La variation de la turbidité est similaire à la variation de la concentration qui a été observée dans l’étude d’Ives (1980) citée au paragraphe précédent, sauf dans la première étape. En effet, dans la première étape, la turbidité subit une augmentation jusqu’à un pic avant de diminuer progressivement (figure 1.3). Cette étape est appelée l’étape de maturité (ripening).
Il peut y avoir plus d’un pic pendant cette étape. Les auteurs expliquent que ces pics sont causés par la présence de particules dans le filtre qui n’ont pas été retirées par les lavages précédents. Ces particules peuvent être détachées et entrainées dans le filtrat en raison de collisions avec les particules mobiles qui circulent à travers le filtre. Pour expliquer l’amélioration progressive du filtrat pendant l’étape de maturité, James M. Montgomery Consulting Engineers (1985), Desjardins (1990) et Ives (1980) ont supposé que les particules mobiles entrent en collision avec les particules retenues au fur et à mesure. Chaque collision peut donner lieu à un attachement des particules mobiles, ce qui engendre l’amélioration de la rétention des particules.
Ces hypothèses sont confirmées par l’étude de Benosman (2012). Cette étude a porté sur le processus du colmatage des filtres à sable et la rétention des particules. Deux phases de la capture ont été observées. Lorsque le filtre est propre, la capture des particules a lieu dans des macropores. Les macropores sont des pores qui sont situés entre les grains. Dans une deuxième phase, la capture a plutôt lieu dans des micros pores. Les micros pores sont formés par les agrégats de particules.
Ces agrégats sont formés par l’accumulation des particules dans un site de rétention. L’auteur conclut que la collision entre des particules mobiles et des particules retenues peut donner lieu à une capture. La capture des particules dans les micros pores engendre donc l’amélioration de l’efficacité de rétention. Comme mentionné dans le paragraphe précédent, les particules accumulées dans un site de rétention forment des flocs. Durant l’augmentation finale de la turbidité (breaktrough à la figure 1.3), l’accumulation des particules exercent des forces sur ces agrégats, ce qui les rend moins résistant. En effet, les agrégats tendent à se briser plus facilement (Desjardins, 1990). Il se peut qu’à cet instant, les agglomérats et les pontages formés par les particules dans les pores subissent des bris. Le bris des agrégats engendre le réentraînement des particules dans le fluide. Il en résulte donc une augmentation de la concentration des particules dans le fluide. Ce phénomène est observé dans la dernière phase de variation de la concentration en particules et de la turbidité des filtrats (figures 1.2 et 1.3).

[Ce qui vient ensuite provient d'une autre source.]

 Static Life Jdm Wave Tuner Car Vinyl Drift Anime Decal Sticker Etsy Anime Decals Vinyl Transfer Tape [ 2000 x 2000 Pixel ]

Influence de la vitesse d’écoulement
La vitesse de filtration intervient souvent dans les relations théoriques des mécanismes de capture des particules. À l’échelle expérimentale, le taux de capture est inversement proportionnel à la vitesse de filtration. En effet, lorsque la vitesse d’écoulement est faible, le taux de rétention des particules dans le filtre augmente. Cette capture est plus importante à la surface du filtre. Par conséquent, un colmatage rapide de la surface est engendré. Dans ce cas, les particules retenues diminuent avec la profondeur dans le filtre. Lorsque la vitesse de filtration est élevée, la durée de contact entre la particule et le collecteur diminue. Cette diminution réduit l’importance des phénomènes d’attachement physico-chimique. Pour les vitesses plus élevées, la capture des particules est mieux distribuée le long du filtre (Bradford et al., 2007). Dans les conditions d’attachement fortement répulsives, l’effet de la vitesse est différent. Bradford et al. (2007) ont étudié les influences des interactions physico-chimiques sur la filtration physique (capture par effet des forces physiques). Ils ont essayé de filtrer des microsphères en latex par le sable dans des conditions fortement répulsives.

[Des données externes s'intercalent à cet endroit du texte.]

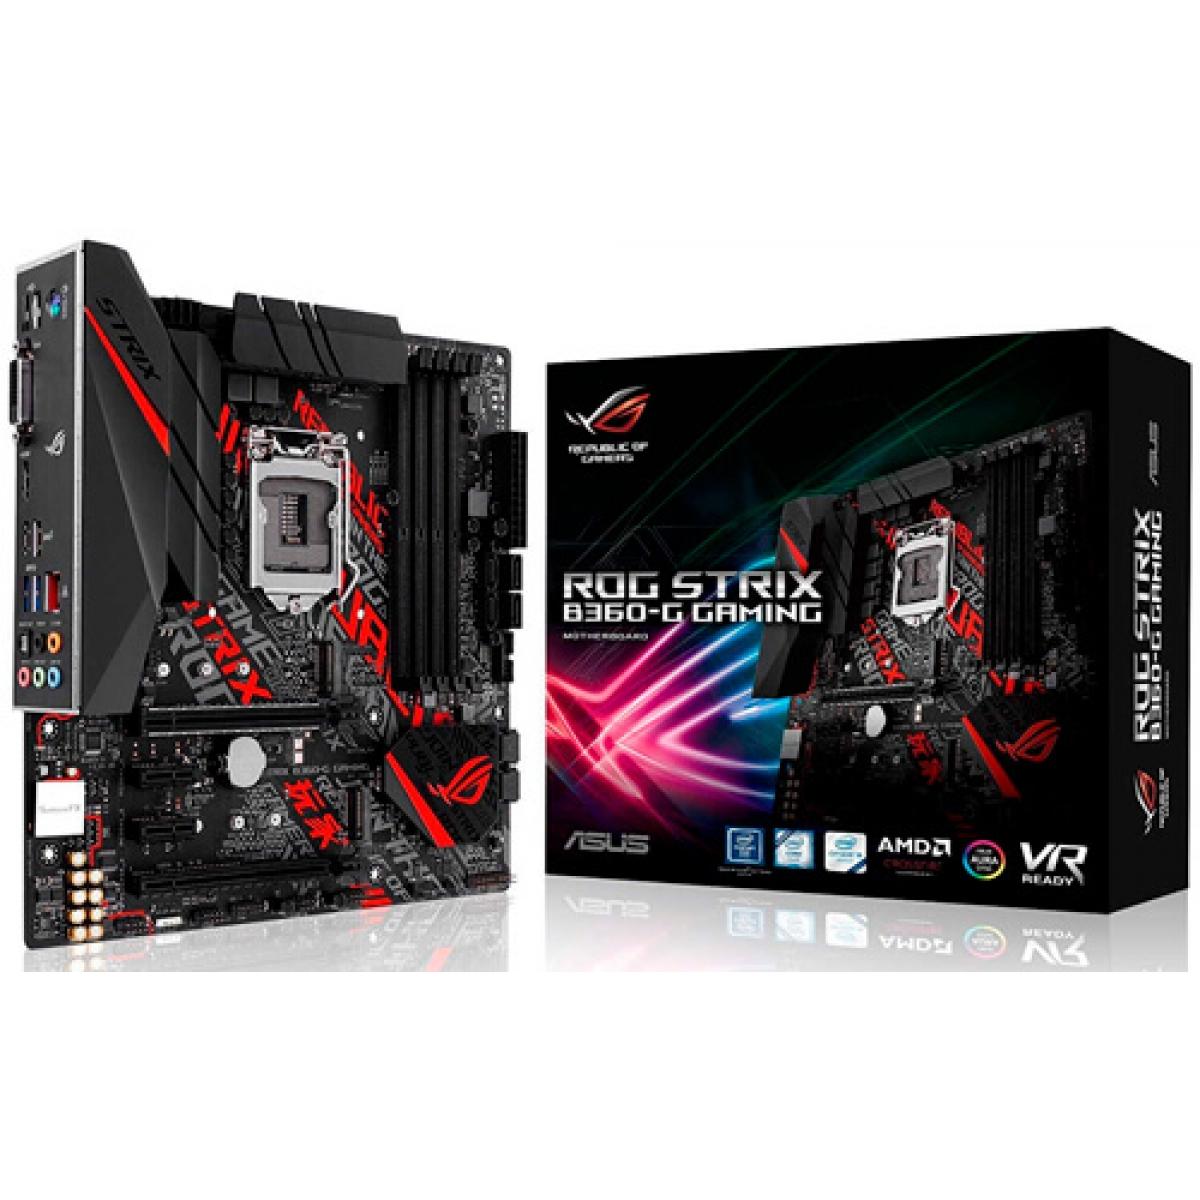 Placa Mãe Asus ROG STRIX B360-G GAMING, Chipset B360, Intel LGA 1151, mATX, DDR4

Les résultats ont montré que la capture est plus importante lorsque la vitesse augmente. L’auteur a expliqué ce phénomène par la provocation de collisions et le blocage des particules dans les petits pores, grâce aux forces hydrodynamiques. À l’opposé, dans le cas où les forces hydrodynamiques sont faibles (lorsque la vitesse est faible), la répulsion entre les particules et le milieu poreux prédomine. Ce phénomène permet aux particules fines de suivre les lignes d’écoulement et il empêche leur attachement. L’auteur conclut que l’augmentation de la vitesse favorise la filtration physique. Dans ce cas, la capture par entrainement dans l’un des sites de rétention est prédominante, alors que la capture par des forces physico-chimiques est faible.

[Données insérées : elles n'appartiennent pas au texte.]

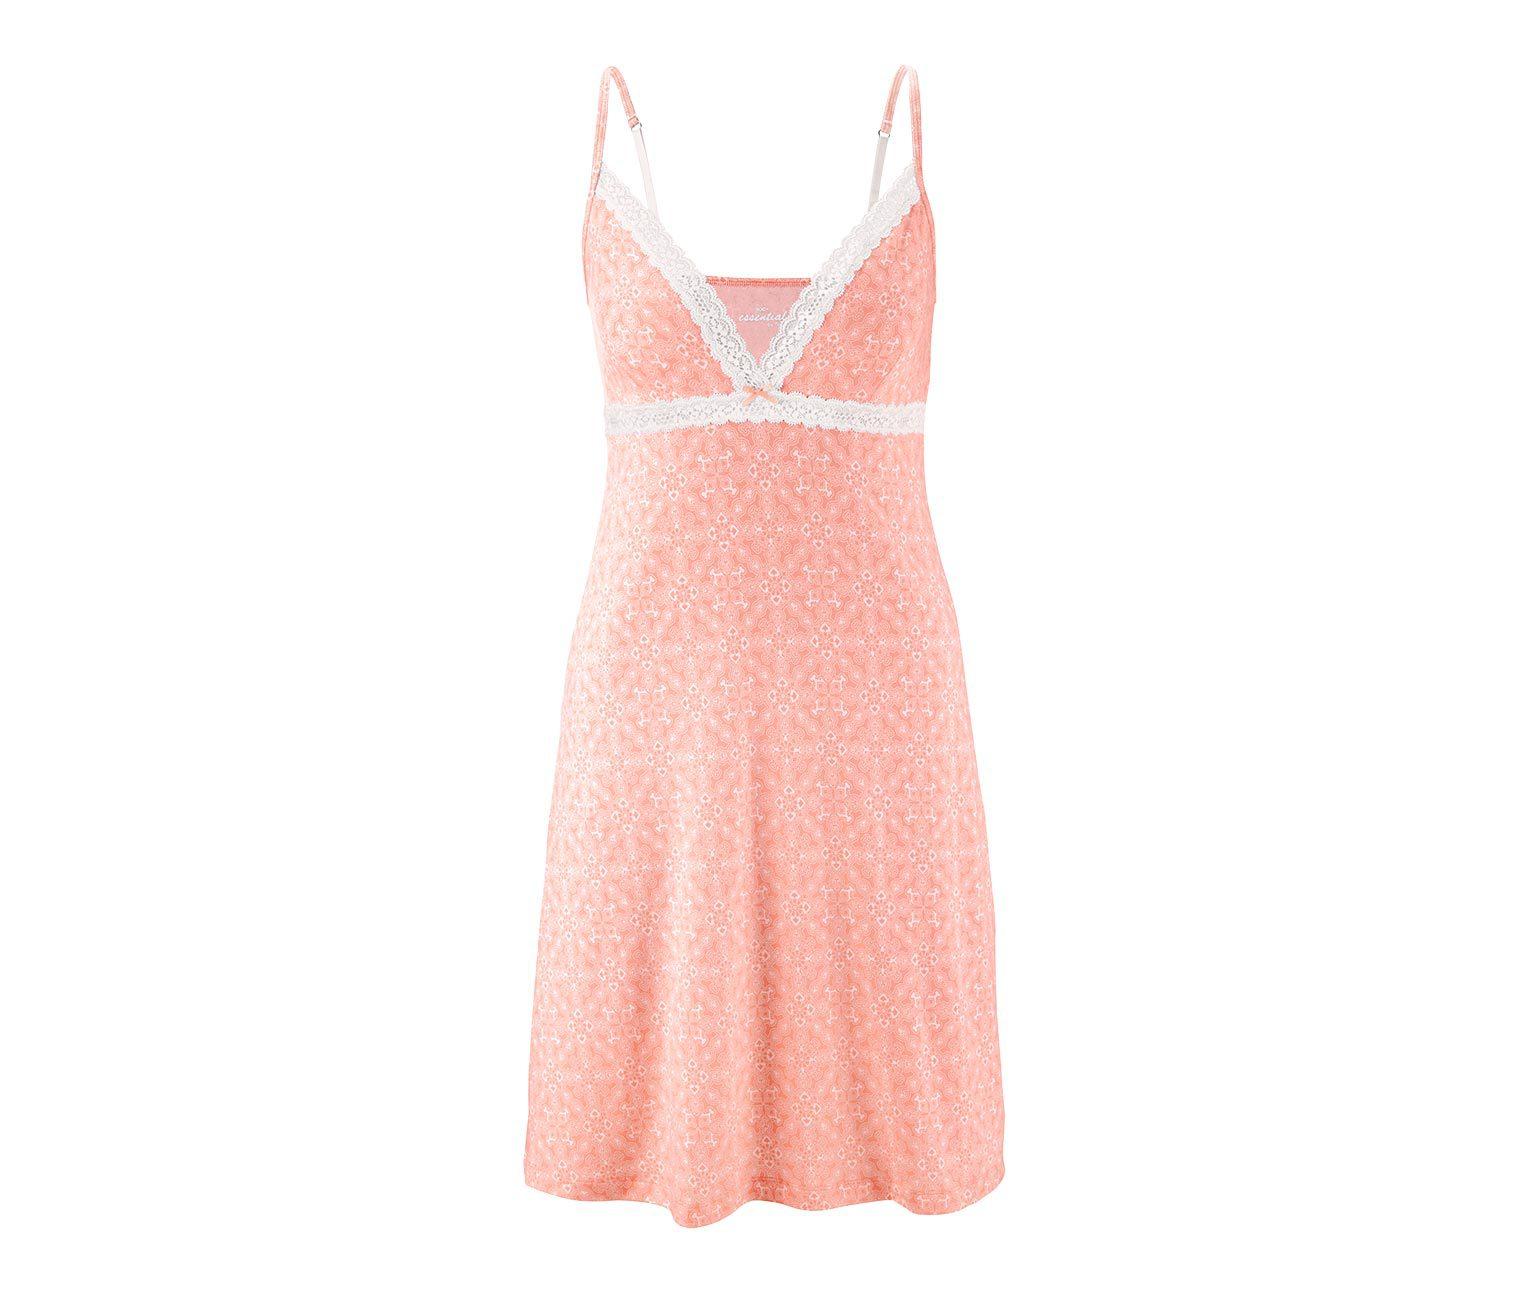 Plus-size Summer Modal Cotton Condole   Nightgown   Sleeveless Women Sleepwear Sexy Night Gown Lace   Sleepshirts   Women Night Dress

Influence de la granulométrie des particules et le sable
Les théories de la filtration considèrent la taille des particules comme un paramètre important dans la filtration. En effet, une grande partie des mécanismes de transport dépendent de la taille des particules à filtrer. Les grandes particules tendent à décanter sur la surface du grain, ou bien elles sont interceptées entre les grains. Ces particules sont souvent influencées par les forces mécaniques de filtration. Quant aux petites particules, celles dont la taille est inférieure à 1 μm, elles tendent à s’attacher aux grains sous l’effet des forces de van der Waals. L’attachement des particules par interaction électrostatique dépend aussi de leur taille. Cette interaction est proportionnelle à la surface spécifique qui est elle-même inversement proportionnelle à la taille de la particule. En effet, plus la taille des colloïdes est petite, plus la surface spécifique et grande et donc l’attachement électrostatique est plus important (Robitaille & Tremblay, 1997). La capture est souvent inversement proportionnelle au diamètre des grains du sable. En effet, plus le diamètre des grains est faible, plus la rétention est efficace. La rétention mécanique est dominante dans ce cas (Desjardins, 1990).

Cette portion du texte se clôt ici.